Press Release

Nurses call on FTC to investigate hospital contracts that place onerous burden on new RN graduates

Nurse with clipboard signing document

National Nurses United (NNU) is calling on the Federal Trade Commission (FTC) to investigate exploitative employment contracts common in the hospital industry that impose harsh burdens on new registered nurse graduates.

NNU issued the request in response to a Labor Day message last month by FTC Chair Lina Khan inviting public comment about contract terms that bind workers.

In comments posted to the FTC on Sept. 30, NNU noted that many hospitals require newly hired nurses to sign “New Grad” contracts or “RN Residency” contracts as a condition of employment. The contracts force nurses to stay employed at the hospital for a period of years and assess an onerous and substantial penalty if they resign or are terminated.

The mandatory contracts expose the nurses to substantial financial burdens if, at a later date, they choose to work at other facilities with safer patient care and working conditions or improved economic standards.

Often, noted NNU, the contracts are “disingenuously dressed up as a form of enhanced education with a set cost or ‘tuition’.” But, in fact, “the ‘education’ is the mere basic on-the-job training necessary to perform the nurse’s job while the true intent of the contracts is to indenture nurses to the employers.”

Typically, the contracts are enforced for newly graduated RNs without prior hospital experience but occasionally are also required of more experienced RNs who are hired for a position in a specialized area of a hospital where they do not have previous clinical experience and expertise.

The impact can be especially damaging in hospital markets with high levels of concentration where one, or even all, potential employers in the market require such an agreement as a condition of employment.

A California law passed last year could serve as a national model, suggested NNU. AB 2588, sponsored by the California Nurses Association, an NNU affiliate, declared that new grad contracts are unlawful, clarifying that, under existing law, nurses and other hospital employees cannot be held liable for the cost of their own training except under limited circumstances. AB 2588 was signed by California Gov. Newsom last fall.

In its comments, NNU posted examples of contracts imposed by three hospital chains, Hospital Corporation of America (HCA), Tenet Health, and MedStar Health.

HCA, the largest for-profit healthcare system, operating 176 hospitals in the United States, is the biggest operator in 20 of what are called Health Referral Regions in the country, controlling more than half the market in seven of them, including 69 percent of all discharges in Panama City, Florida, 58 percent in Asheville, North Carolina, and 52 percent in Austin, Texas.

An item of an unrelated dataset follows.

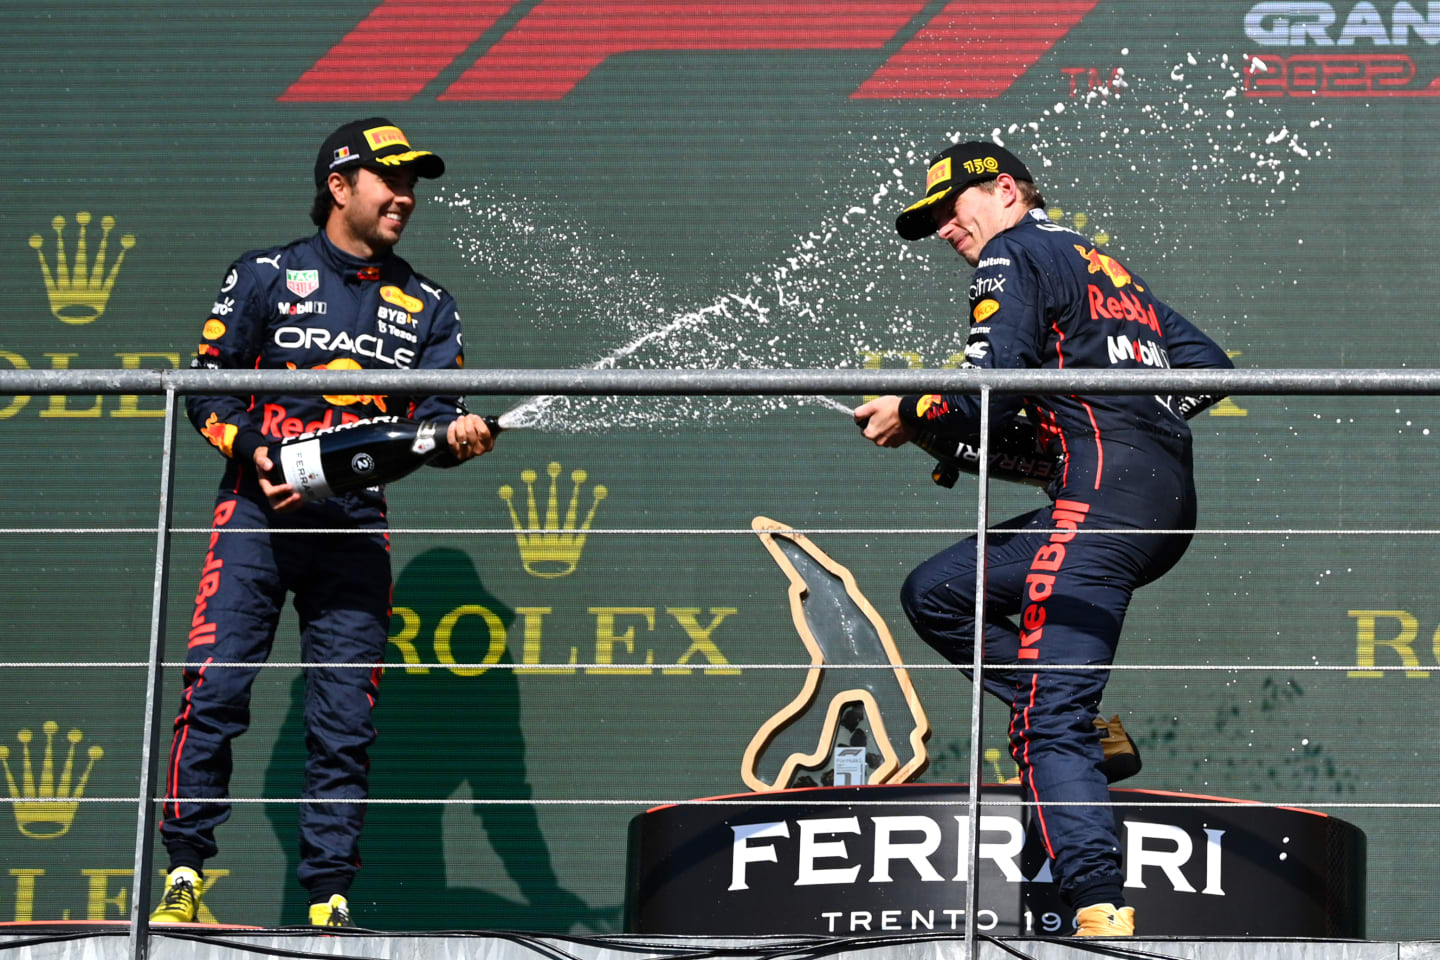 SPA, BELGIUM - AUGUST 28: Race winner Max Verstappen of the Netherlands and Oracle Red Bull Racing and Second placed Sergio Perez of Mexico and Oracle Red Bull Racing celebrate on the podium during the F1 Grand Prix of Belgium at Circuit de Spa-Francorchamps on August 28, 2022 in Spa, Belgium. (Photo by Dan Mullan/Getty Images)

At HCA’s Mission Hospital in Asheville, RNs seeking first-time employment must first sign a contract with HCA subsidiary HealthTrust and participate in the company’s StaRN program. The contract requires the nurse to remain employed at the hospital for two years or be subject to a fee of up to $10,000. “This program is also not unique to the Asheville facility and is likely to be found” at other HCA hospitals, NNU wrote.

Tenet, the third largest for-profit hospital chain in the country, utilizes a similar strategy to dominate specific hospital markets. In El Paso, Texas, for example, it employs 43 percent of all nurses in acute care hospitals. Tenet requires newly graduated nurses at its El Paso facilities to commit to two years of employment or face a fee of $10,000. Tenet has a similar program at its Carondelet St. Mary’s Hospital in Tucson, Arizona.

MedStar is the largest health system in the District of Columbia metropolitan area, employing about 54 percent of all nurses working in acute care hospitals. MedStar’s Nursing Residency/Bridge Program agreement requires 18 months of service or imposes a penalty of $5,000.

“Further investigation by the FTC will find this is a pervasive practice in most hospital markets in the country,” wrote NNU, reiterating a request that the FTC open an investigation into such contracts throughout the hospital industry.

“We believe that once these agreements have received due scrutiny, that the FTC will conclude, just as the California legislature did, that the contracts are in violation of current law and the appropriate remedies must be taken to ensure a fair playing field for nurses and hospital workers,” NNU concluded.